Visual fields of mild birdshot retinochoroiditis patients not having needed systemic therapy. The top row of visual fields (A1, B1 and C1) shows disturbance of visual fields at presentation, and the bottom row (A2, B2 and C2) shows the visual fields obtained at the last follow-up. These patients responded to simple periocular injections of triamcinolone acetonide allowing to avoid systemic therapy with an improvement of the visual field mean defect from 5.05 ± 3.27 to 1.78 ± 0.95 (p = 0.02) after a mean follow-up of 9.3 ± 4.6 years
BRC fundus lesions
Depigmented BRC fundus lesions were present faintly in patient 1 and 2, and numerous and bilaterally present in patient 3. Fundus score was 1.66 ± 1.61 (out of a possible maximal score of 4) at presentation and 1.66 ± 1.15 at last follow-up, indicating that there was no evolution of BRC lesions during the mean follow-up of 9 years (Fig. 2).
Evolution of BRC fundus lesions in mild retinochoroiditis patients not having needed systemic treatment. In total, 2/3 patients showed moderate presence of BRC fundus lesions in the principally affected eye (A1 and B1) and one patient showed a substantial grade of lesions in both eyes (C1a and C1b).
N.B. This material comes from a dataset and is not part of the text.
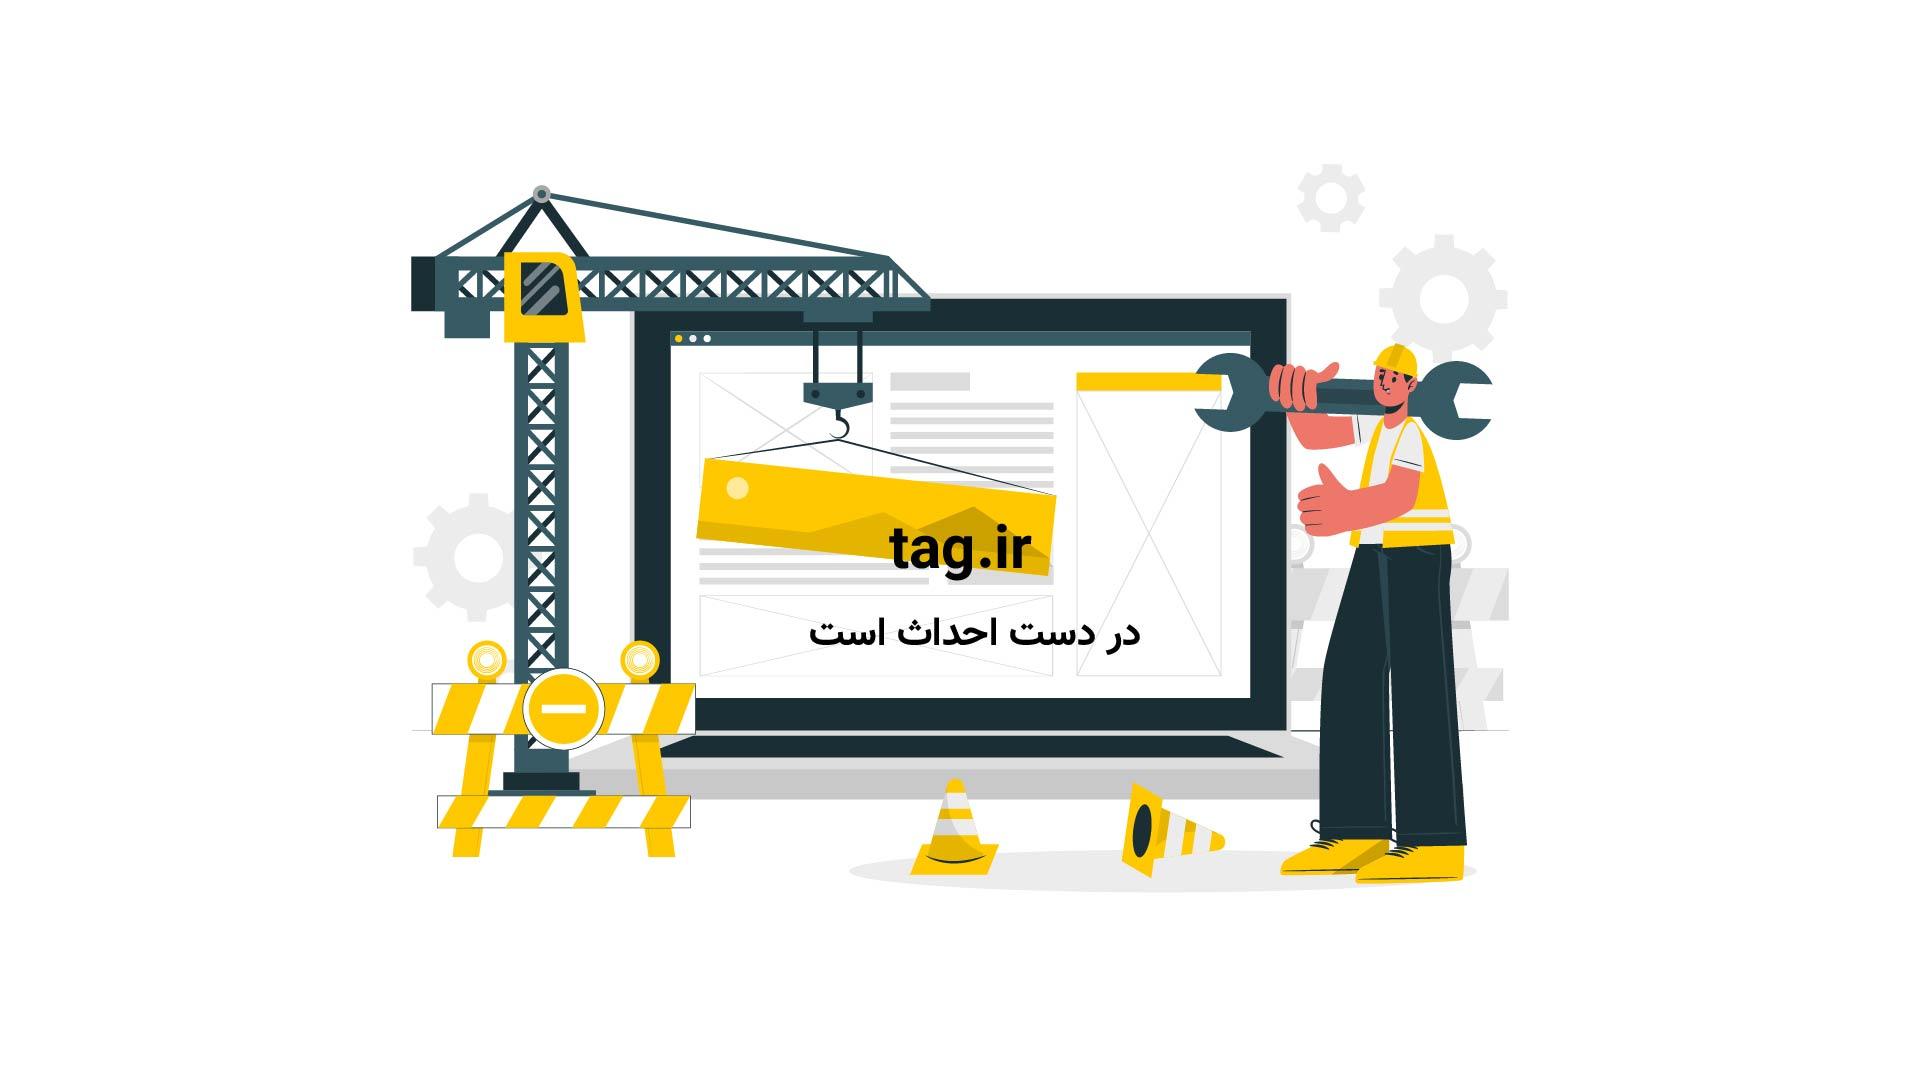 آبشار ویکتوریا | تگ
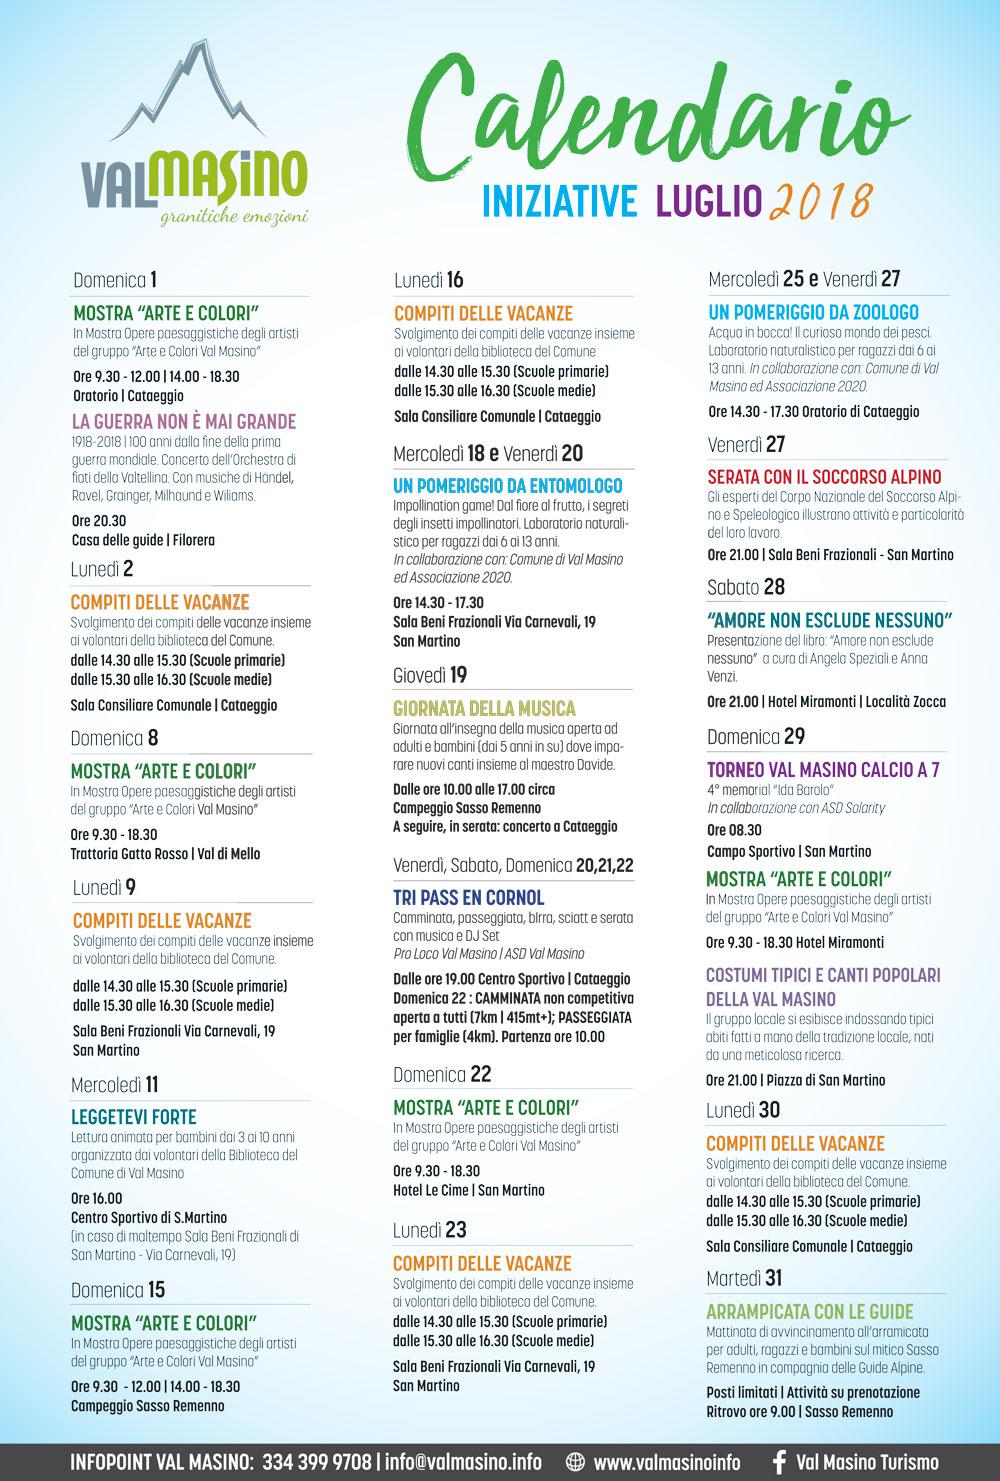 Birre Medie Calendario.Calendario Iniziative Luglio 2018 Val Masino

There was no evolution of the grade of BRC fundus lesions after a mean follow-up of 9.3 ± 4.6 years (A2, B2, C2a and C2b) with a stable mean score at presentation and on last follow-up (1.66 ± 1.6 vs. 1.66 ± 1.15)
FA and ICGA
At presentation, choroiditis was present in both eyes of all patients at a substantial degree with a mean ICGA score of 11.66 ± 3.44 (out of a maximal score of 40) which decreased to 4.25 ± 2.87 at last follow-up, indicating absence of progression. Retinal involvement was less pronounced amounting to a score of 2.25 ± 3.20 (out of a maximal possible score of 40) at presentation and decreasing to 2.00 ± 4.00 at last follow-up, indicating that retinal vasculitis was less responsive to periocular therapy (Fig. 3).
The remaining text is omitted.